Transfer function analysis of dynamic cerebral autoregulation: A CARNet white paper 2022 update

Abstract

Cerebral autoregulation (CA) refers to the control of cerebral tissue blood flow (CBF) in response to changes in perfusion pressure. Due to the challenges of measuring intracranial pressure, CA is often described as the relationship between mean arterial pressure (MAP) and CBF. Dynamic CA (dCA) can be assessed using multiple techniques, with transfer function analysis (TFA) being the most common. A 2016 white paper by members of an international Cerebrovascular Research Network (CARNet) that is focused on CA strove to improve TFA standardization by way of introducing data acquisition, analysis, and reporting guidelines. Since then, additional evidence has allowed for the improvement and refinement of the original recommendations, as well as for the inclusion of new guidelines to reflect recent advances in the field. This second edition of the white paper contains more robust, evidence-based recommendations, which have been expanded to address current streams of inquiry, including optimizing MAP variability, acquiring CBF estimates from alternative methods, estimating alternative dCA metrics, and incorporating dCA quantification into clinical trials. Implementation of these new and revised recommendations is important to improve the reliability and reproducibility of dCA studies, and to facilitate inter-institutional collaboration and the comparison of results between studies.
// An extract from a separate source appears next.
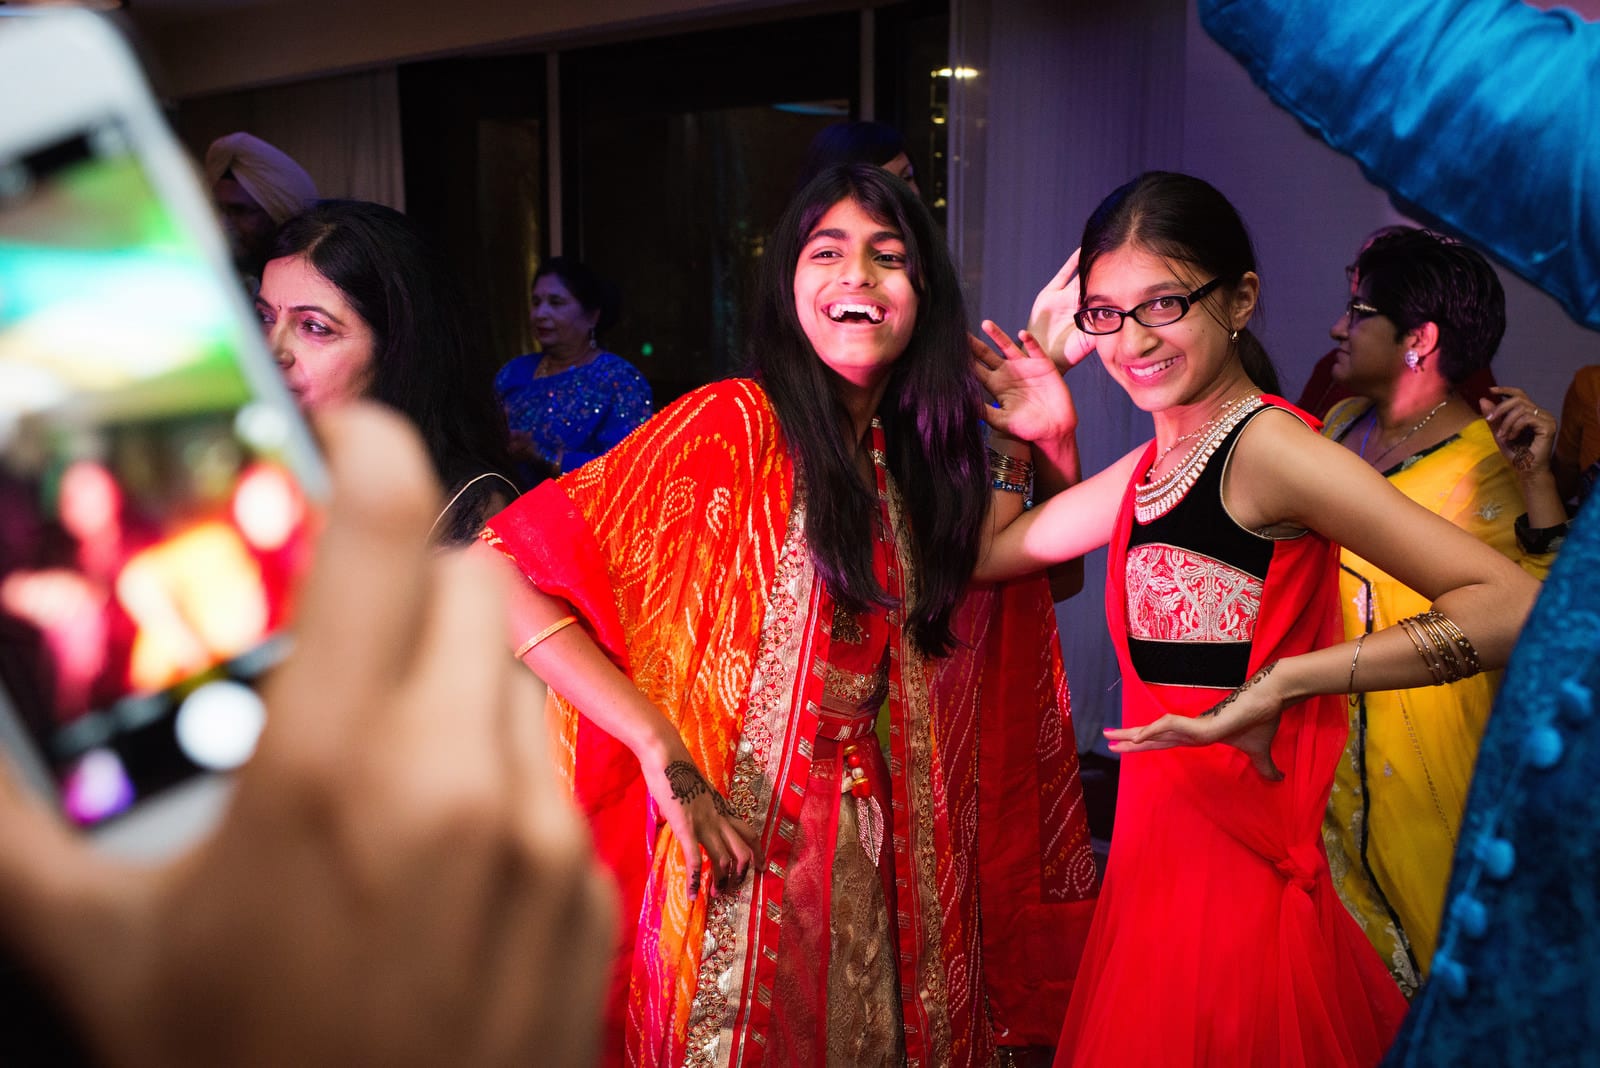 Two girls wearing bright colored clothing dance together as they are seen through the lens of a cell phone camera during a Renaissance Phipps South Asian Wedding.

Keywords: Cerebral hemodynamics; consensus guidelines; reference values; transfer function analysis.

Figure 1.

Typical set of recordings in a clinical setting. See new Recommendation 20 for details about particular aspects affecting studies of dCA in critically ill patients. TCD: transcranial Doppler ultrasound device; ECG: electrocardiograph; ABP: either non-invasive continuous arterial blood pressure (finger photoplethysmograph sensor combined with arterial volume clamping), or invasive intra-radial catheter sampling in critical care settings.

Figure 2.

Critical values for coherence estimates at the 99%, 95% and 90% significance level for 3–25 windows. Solid lines: Monte Carlo simulation from 10,000 pairs of independent white Gaussian noise using Hanning windows with 50% overlap and spectral smoothing (see Table 2). The dotted lines give the critical values without spectral smoothing and with non-overlapping windows, calculated from theory. The line-thickness denotes the significance level.

Figure 3.

Representative spontaneous fluctuations in CBv, BP and ICP with corresponding CBv step responses from two patients with severe head injury. Patient A did not show a recovery of the step response following the sudden change in BP, with a corresponding value of ARI = 0 (absent dCA). Patient B had a working dCA, with ARI = 6. Reproduced with permission from.

Figure 4.

On the left side of the figure are the typical trace for blood pressure (BP), middle cerebral artery blood velocity (MCAv) and end-tidal CO₂ (P_ETCO₂) during: spontaneous upright (a), 0.05 Hz (b) and 0.10 Hz (c) repeated squat-stand maneuvers (rSSM), spontaneous supine (d), 0.05 Hz (e) and 0.10 Hz (f) oscillatory lower body negative pressure (OLBNP) maneuvers in a young healthy adult male. On the right side of the figure are the absolute values of the power spectrum densities (PSD) for the mean arterial pressure (MAP) and cerebral blood velocity (CBv) under spontaneous (grey), 0.05 Hz (dashed) and 0.10 Hz (black) conditions. The PSD during the OLBNP pressure maneuvers are represented on the left side (g–j) and rSSM are on the right side (k–n). Note the substantial increase in PSD power during the forced oscillations, with the greatest augmentation (approximately 20x higher peak PSD than OLBNP) clearly delineated for both MAP and CBv occurring during the rSSM maneuvers presented in the far-right panel. Adapted from Smirl et al.